■ INSTRUCTIONS TO FOLLOW
Only the lines below from the one that holds "Rapido’s first trimaran" through the one that holds "Pair of Barstools" should appear in the answer, copied exactly, end lines included and pictures omitted.

■ SOURCE MATERIAL

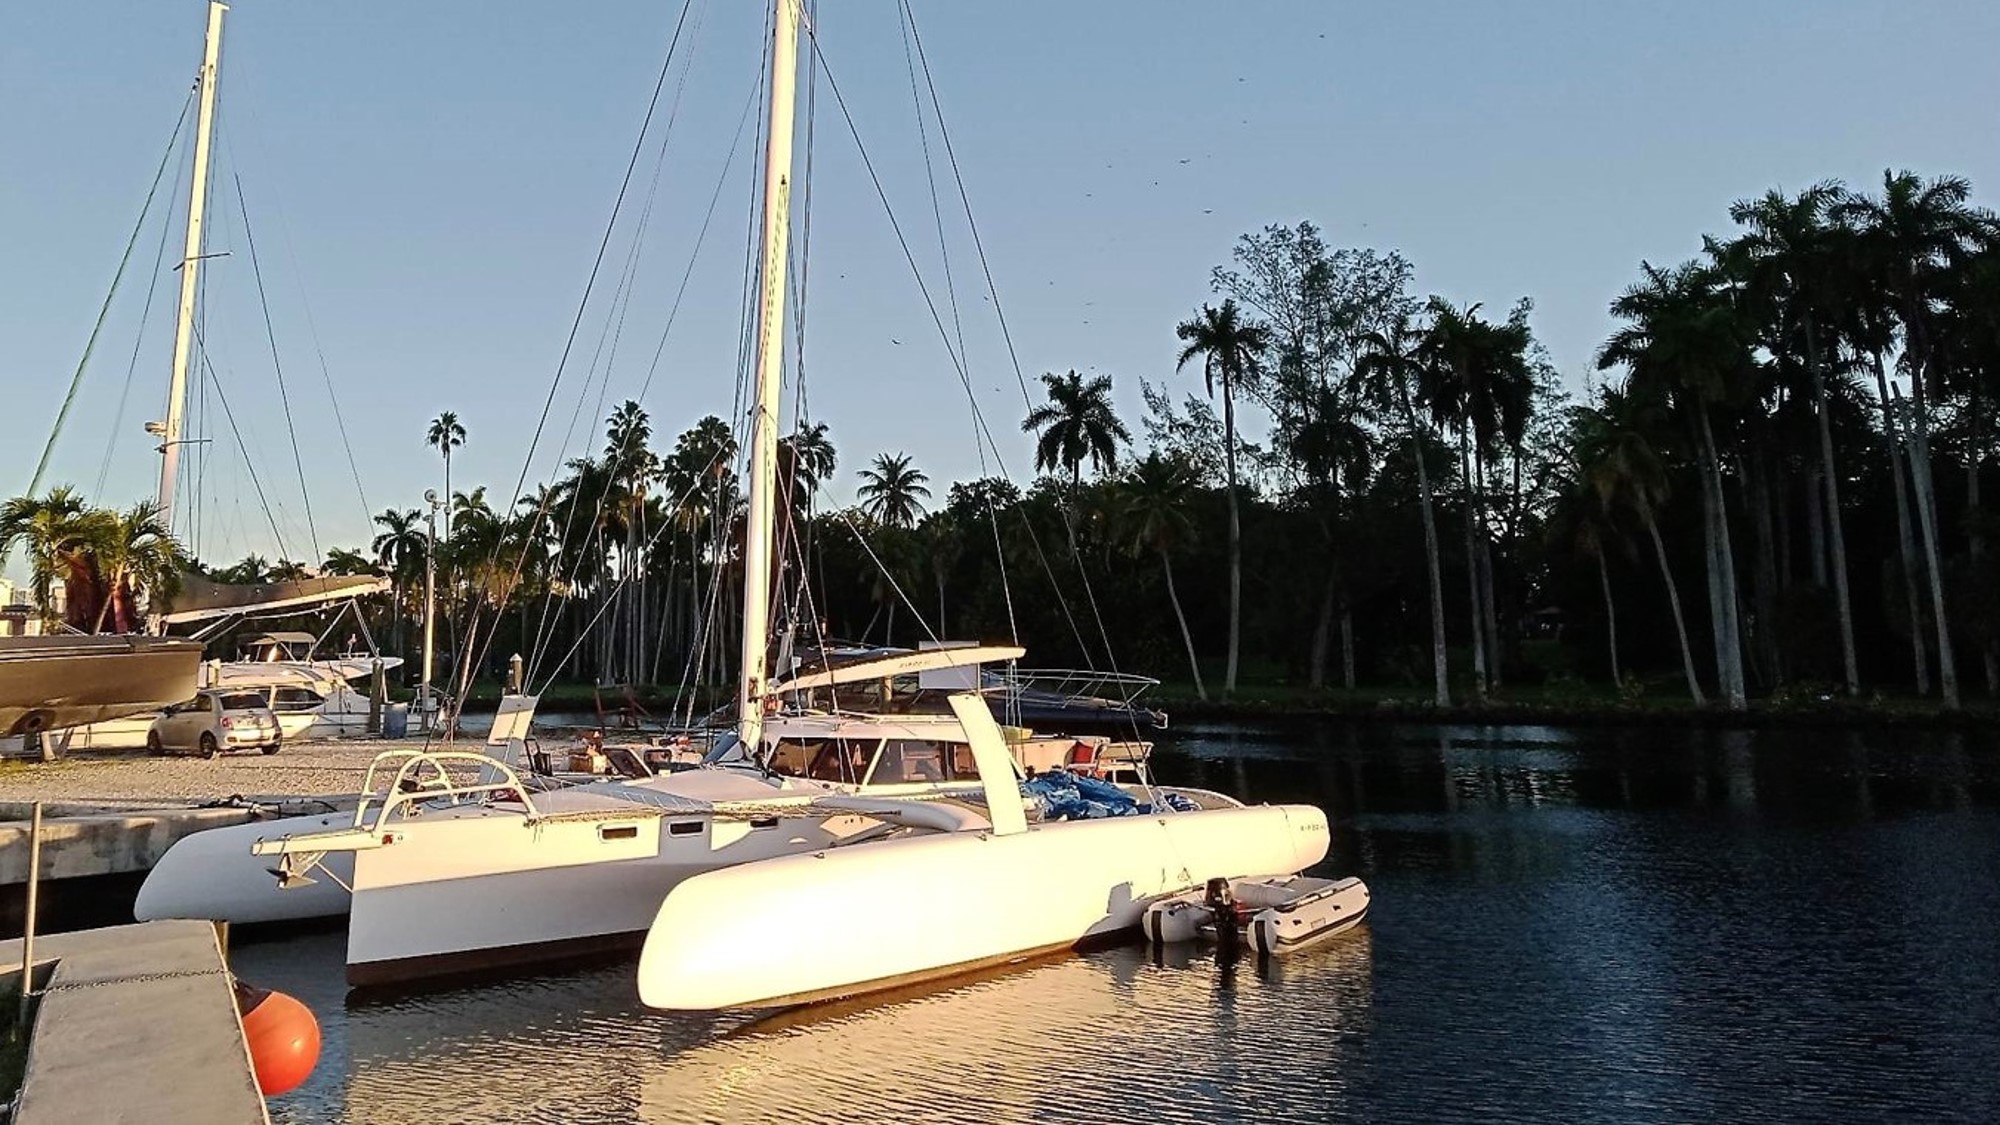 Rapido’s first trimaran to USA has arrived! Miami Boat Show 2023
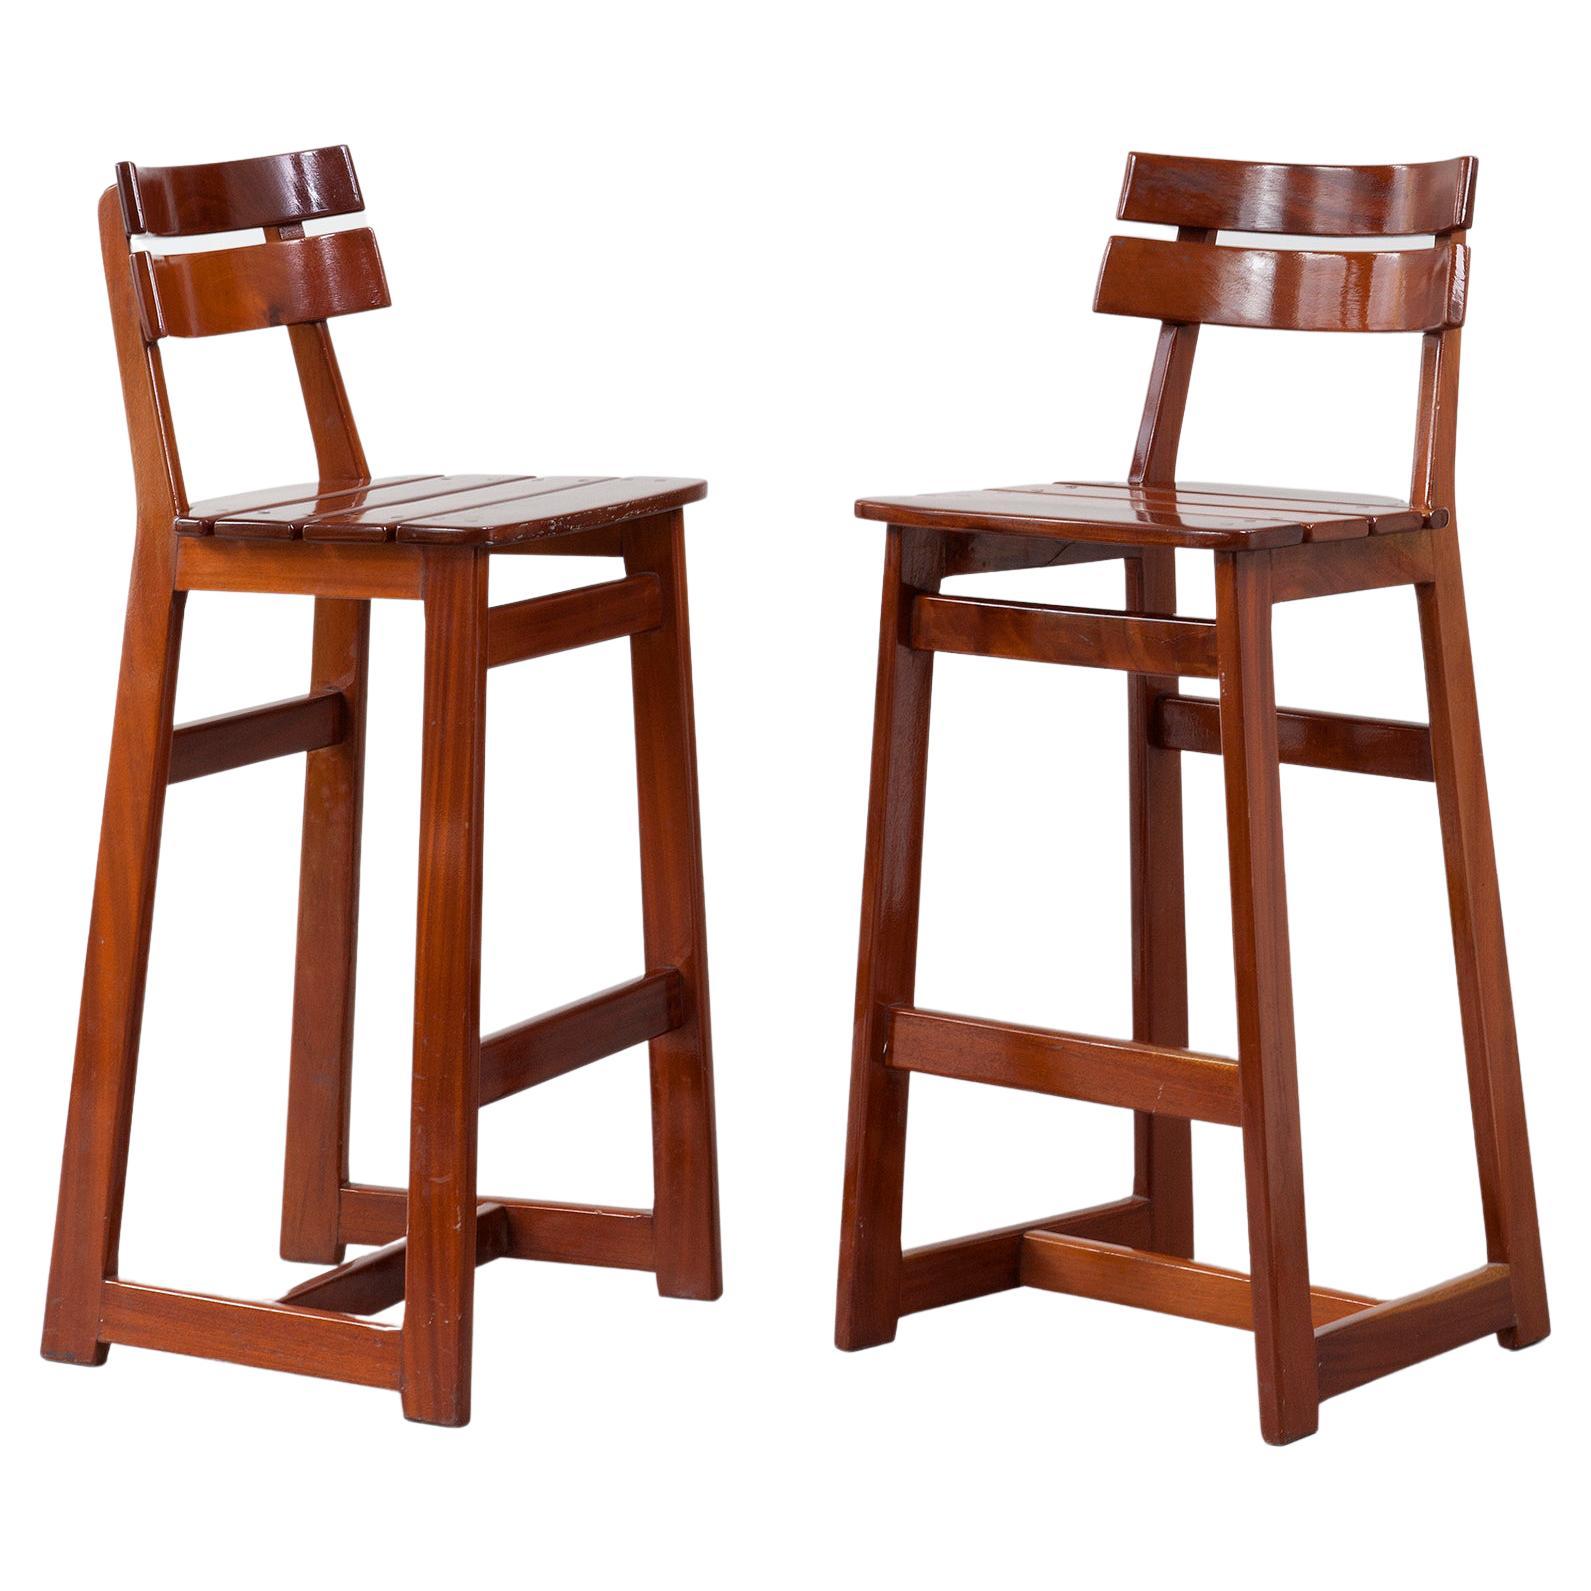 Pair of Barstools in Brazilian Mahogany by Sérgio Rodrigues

* * *

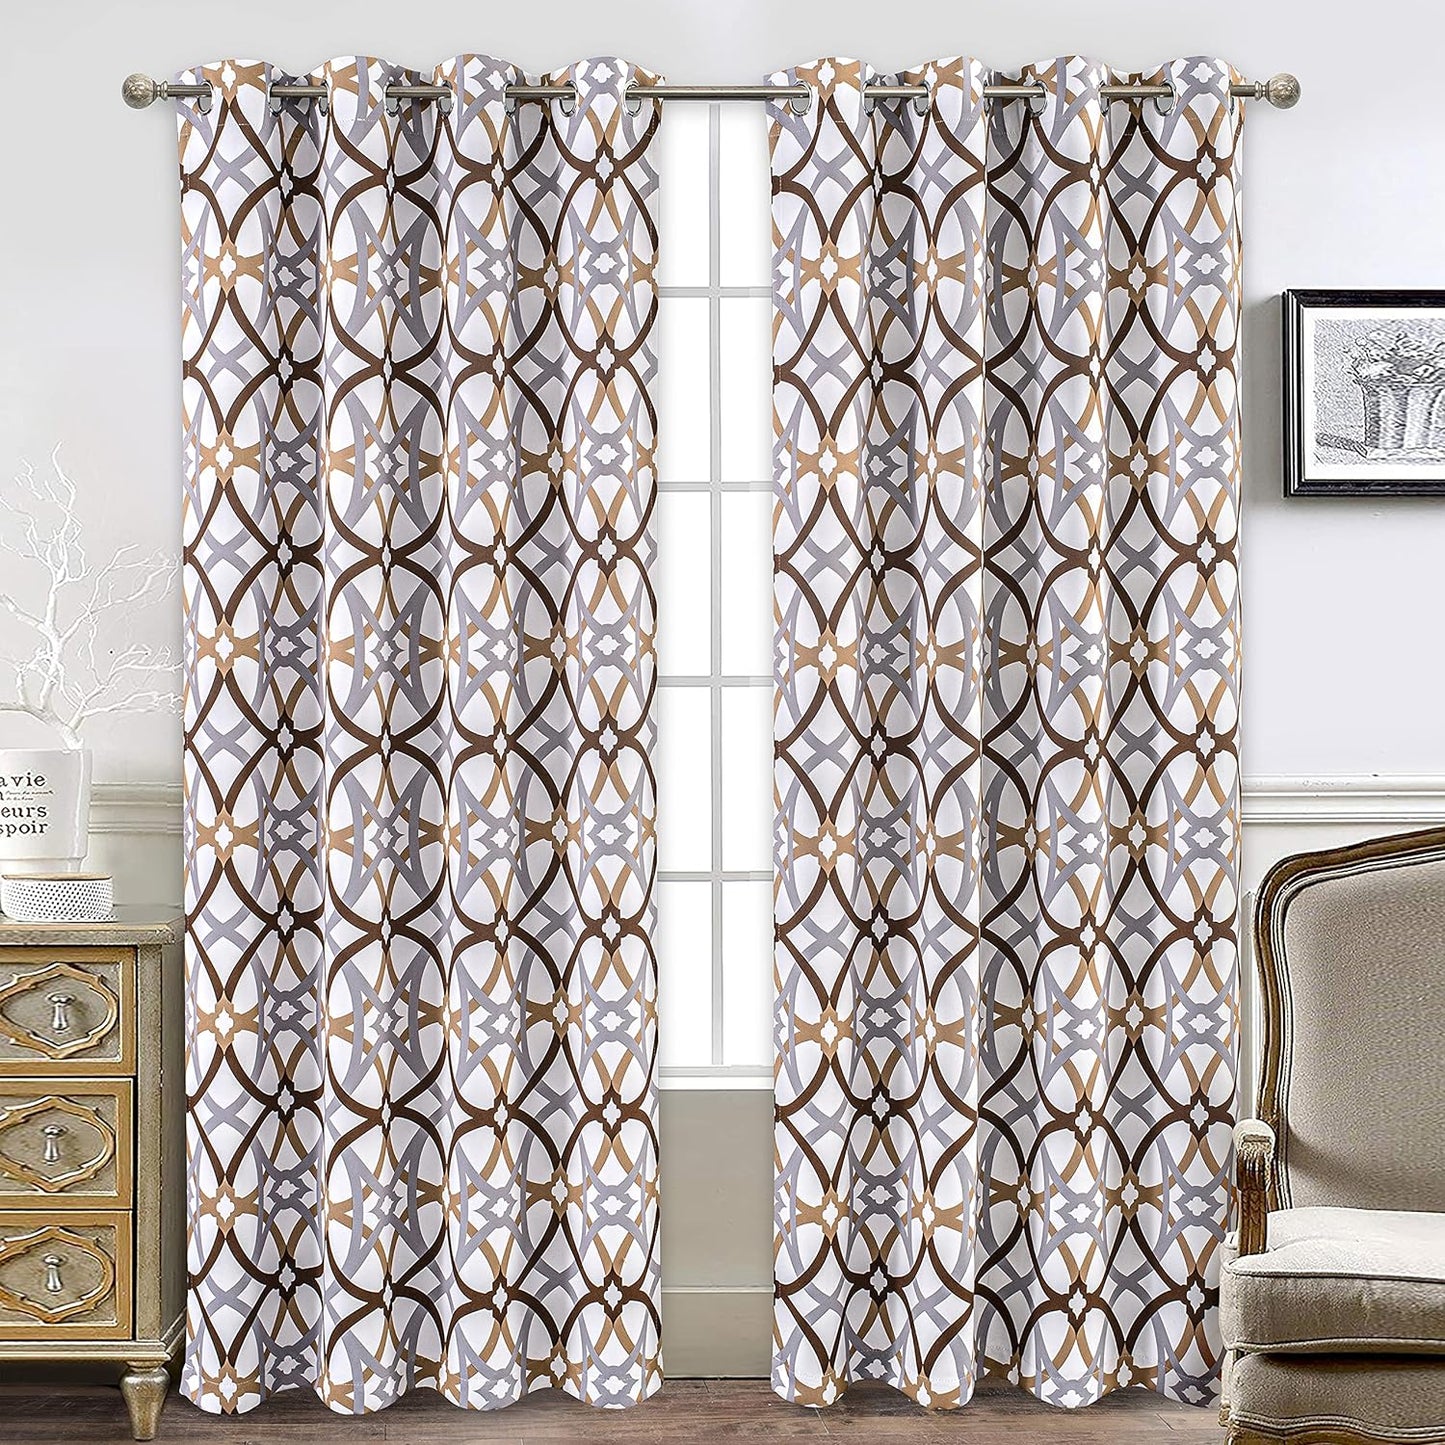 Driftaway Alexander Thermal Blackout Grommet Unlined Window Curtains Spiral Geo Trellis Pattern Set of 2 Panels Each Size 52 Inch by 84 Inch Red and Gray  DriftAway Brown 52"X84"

---

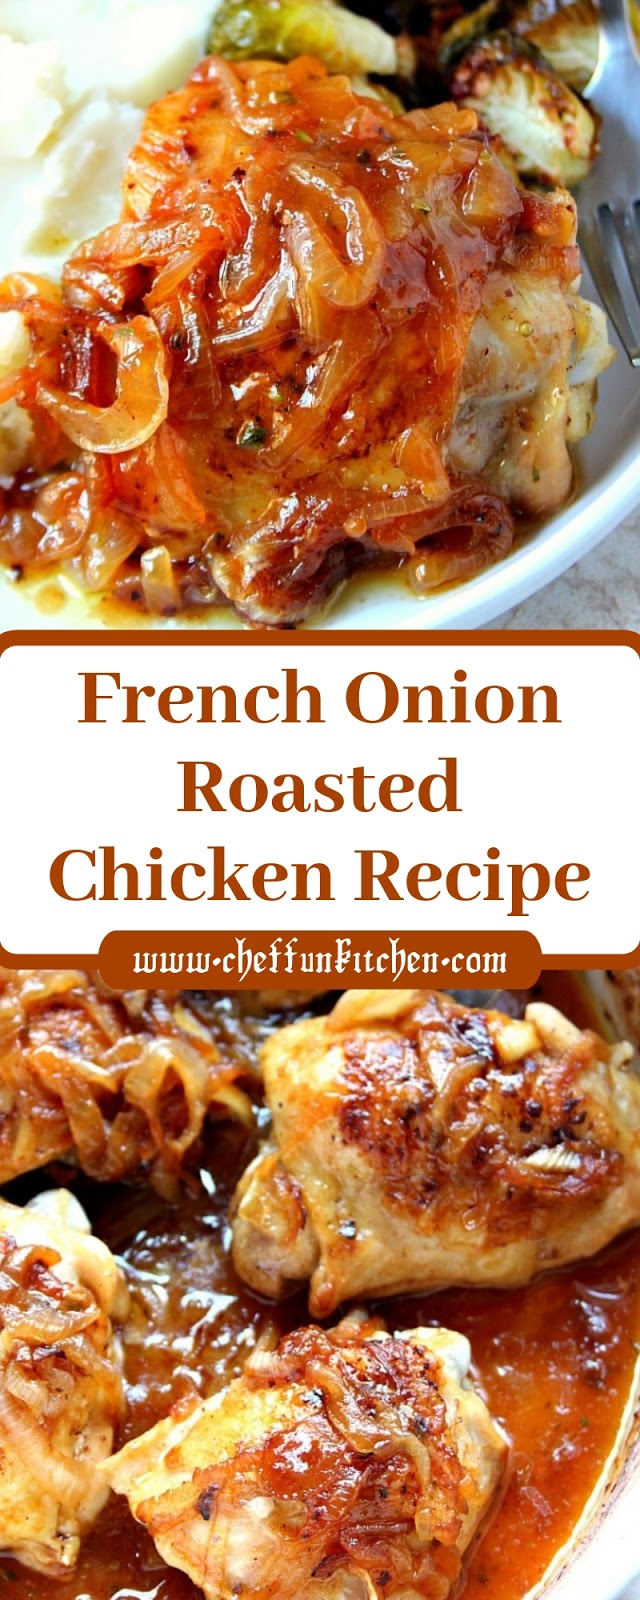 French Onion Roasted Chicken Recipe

■ SOLUTION TO THIS EXERCISE
 Rapido’s first trimaran to USA has arrived! Miami Boat Show 2023
 Pair of Barstools in Brazilian Mahogany by Sérgio Rodrigues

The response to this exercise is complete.